Pourquoi l’avènement du Big Data ferait-il évoluer notre compréhension du parcours professionnel et des apports en compétences d’un candidat en situation de recrutement ? En quoi sonnerait-il le glas de ce bon vieux CV sans lequel il paraît encore impossible de sélectionner puis recruter le collaborateur idoine ?
L’influence Outre-Atlantique crée semble-t-il un climat propice à ce changement de comportement et à la vague de refroidissement qui entrainerait à terme la disparition du CV.

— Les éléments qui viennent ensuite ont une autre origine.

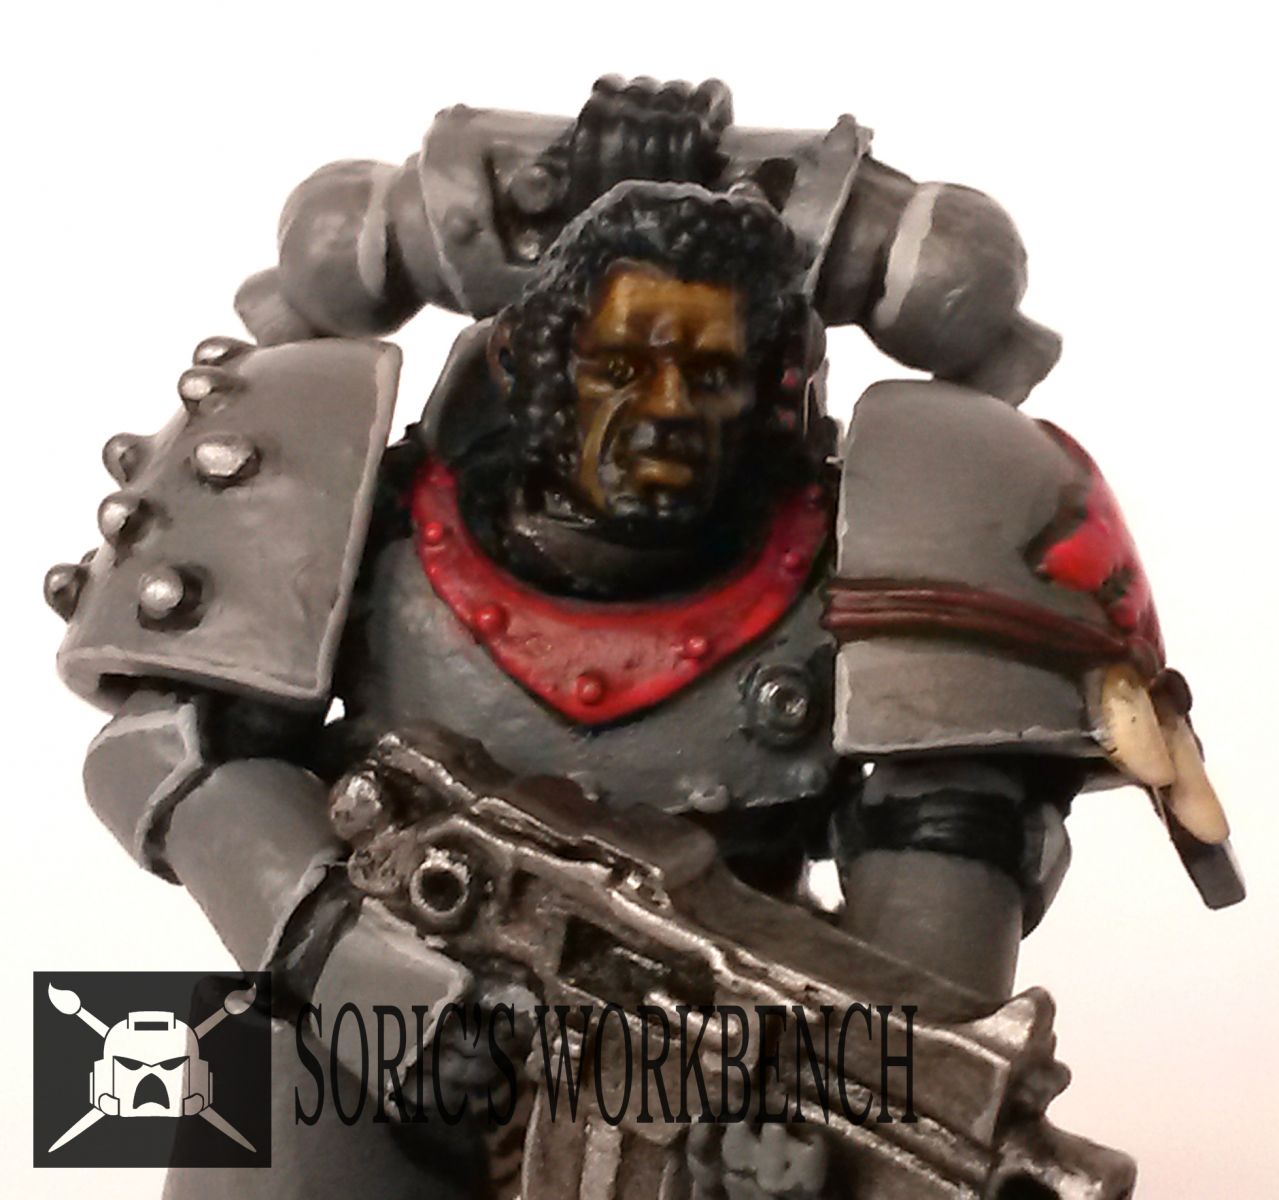 Horus Heresy Space Wolf face detail

Aux Etats-Unis la substitution du CV par le profil social semble engagée,
au point que certaines entreprises commencent à utiliser comme critère de sélection le score social. Celui-ci est calculé par des logiciels experts développés par des éditeurs comme Klout ou YouSeeMe qui mesurent l’influence des entreprises et du quidam sur les réseaux sociaux.

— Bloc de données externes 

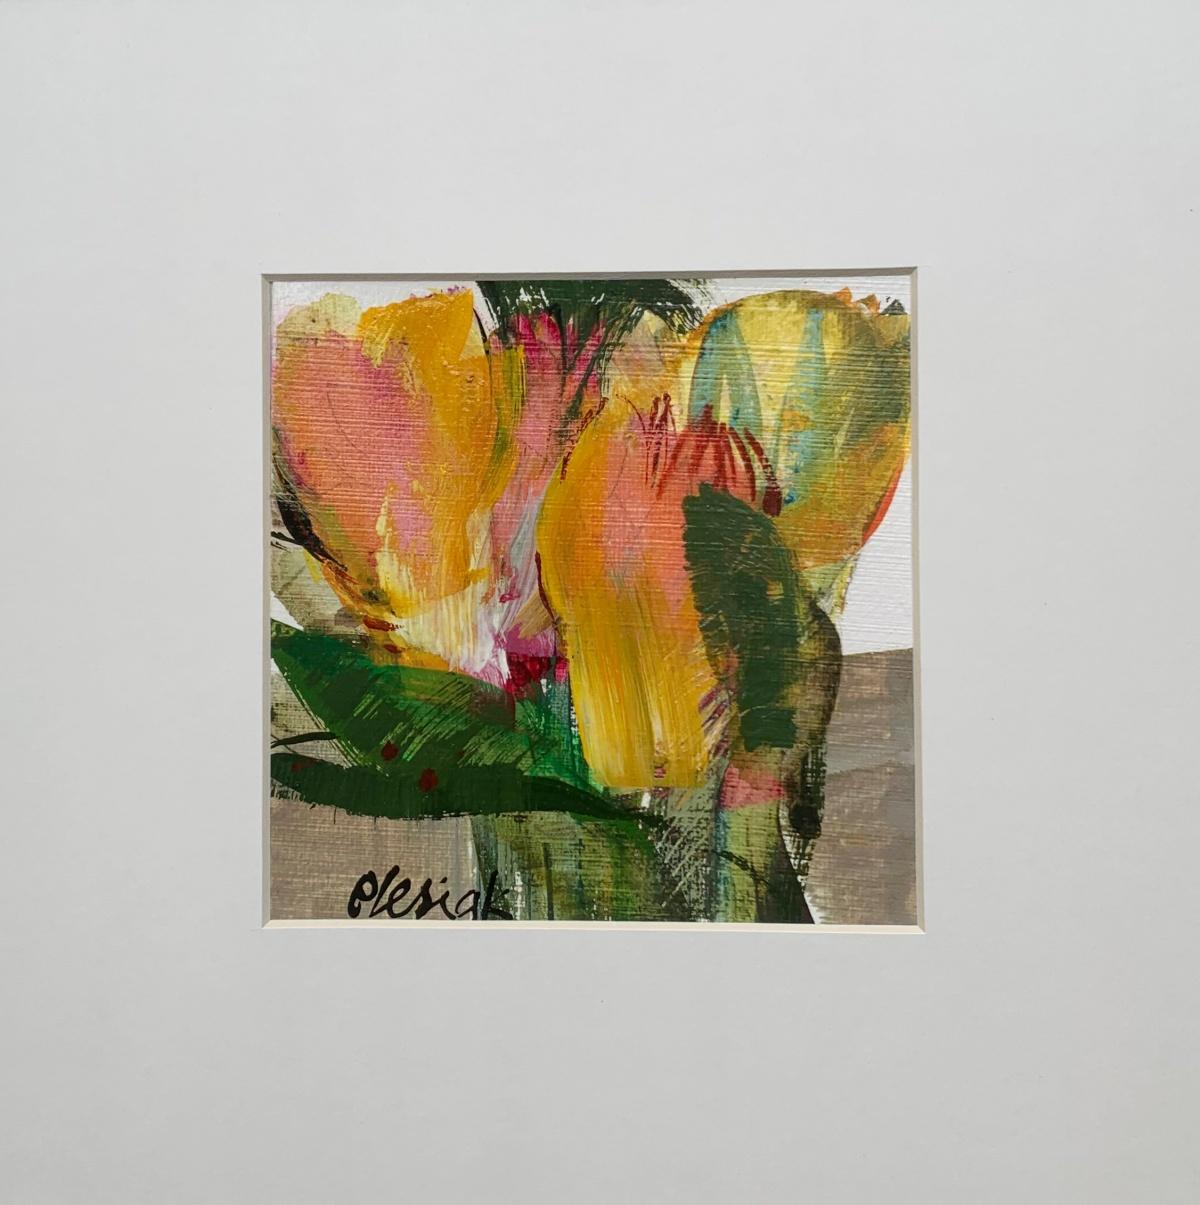 Contemporary floral still life figurative gouache on cardboard painting by Polish artist Bozena Lesiak. Painting is in a small format with glossy varnish. Bozena Lesiak's art embodies beauty of nature and its form which at times looks more abstract.

Cette approche, qui comporte tous les aspects d’une sélection discriminatoire, gagnerait en pertinence si la nature du comportement social et non le « volume » des informations était appréciée. Si nous pouvions avoir d’autres infos qu’une note brute évaluée sur une échelle de 0 à 100.
Dans un proche avenir les possibilités offertes par le Big Data permettront la création d’outils de requête agrégeant l’ensemble des informations sur une personne et qui auront trait à :
- sa biographie professionnelle,
- au contenu de ses projets professionnels,
- aux réseaux sur lesquels il est actif,
- à la façon dont il contribue et interagit sur ceux-ci, à ses contacts…
En conséquence, au CV classico-statique au format PDF se substituerait un profil dynamique issu des profils de réseaux sociaux professionnels comme LinkedIn, Viadeo ou Doyoubuzz.
Cette évolution est déjà engagée :
- Des cabinets de conseil en recrutement commencent à proposer aux candidats de postuler aux annonces de leur site directement via leur profil LinkedIn sans les obliger nécessairement à déposer leur CV.
- Partenaire de VIADEO, l’APEC propose de donner un accès direct au profil social du cadre et d’abonder son CV avec des informations sociales, relatives notamment à ses contacts et ses recommandations.
- Cadremploi avec son service Profil Public permet aux cadres en recherche d’emploi de créer une page Web personnalisée repérable par les moteurs de recherche à l’instar de CV Doyoubuzz.
- RegionJob pour ne pas être en reste, donne la possibilité avec Aliaz de créer une page d’accueil personnelle Web pour donner un lustre numérique à son image.
Ces nouveaux dispositifs, déployés par différents acteurs du recrutement français au cours des deux dernières années, sont la preuve que les conditions se créent pour que ces profils personnalisés et visibles sur le Web finissent de compléter les CV pour s’y substituer définitivement.
De là à imaginer recruter sans CV, il ne faut qu’un brin d’imagination et une pointe d’anticonformisme.
L’Apec a franchi le pas depuis 2010 en offrant la possibilité aux candidats de répondre à un questionnaire de mise en situation d’une trentaine de questions maximum et ce plutôt que d’envoyer un CV. Cette démarche innovante a le mérite d’ouvrir les postes proposés à une plus grande diversité de profils.
Cependant, force est de constater, qu’hormis les quelques avancées décrites précédemment, le CV reste le seul document de présentation d’une candidature sur l’intégralité des sites de recrutement. Les outils d’intermédiation professionnelle de personnes avec des entreprises sur FACEBOOK du type de Work4us ne sont pas encore les Ersatz attendus du CV et loin s’en faut.
Sans un CV, la plupart d’entre nous, experts ou béotiens du recrutement, sommes démunis pour sélectionner des candidats préalablement à un entretien d’embauche et tout autant pour mener un entretien de recrutement.
Le CV reste et demeure une béquille pour structurer sa vie et son œuvre professionnelle et servir de guide line lors des entretiens d’embauche tant pour les recruteurs que pour les candidats.
Sans devenir les contempteurs de la doxa des abolitionnistes du CV ou les chantres créationnistes du Klout, une approche qui facilite l’agrégation des données professionnelles issues des réseaux sociaux afin de mieux appréhender la diversité des compétences et des projets, les contributions, les informations relayées, est un graal (?) vers lequel le Big Data et les outils émergeants d’analyse de données devraient pouvoir nous amener.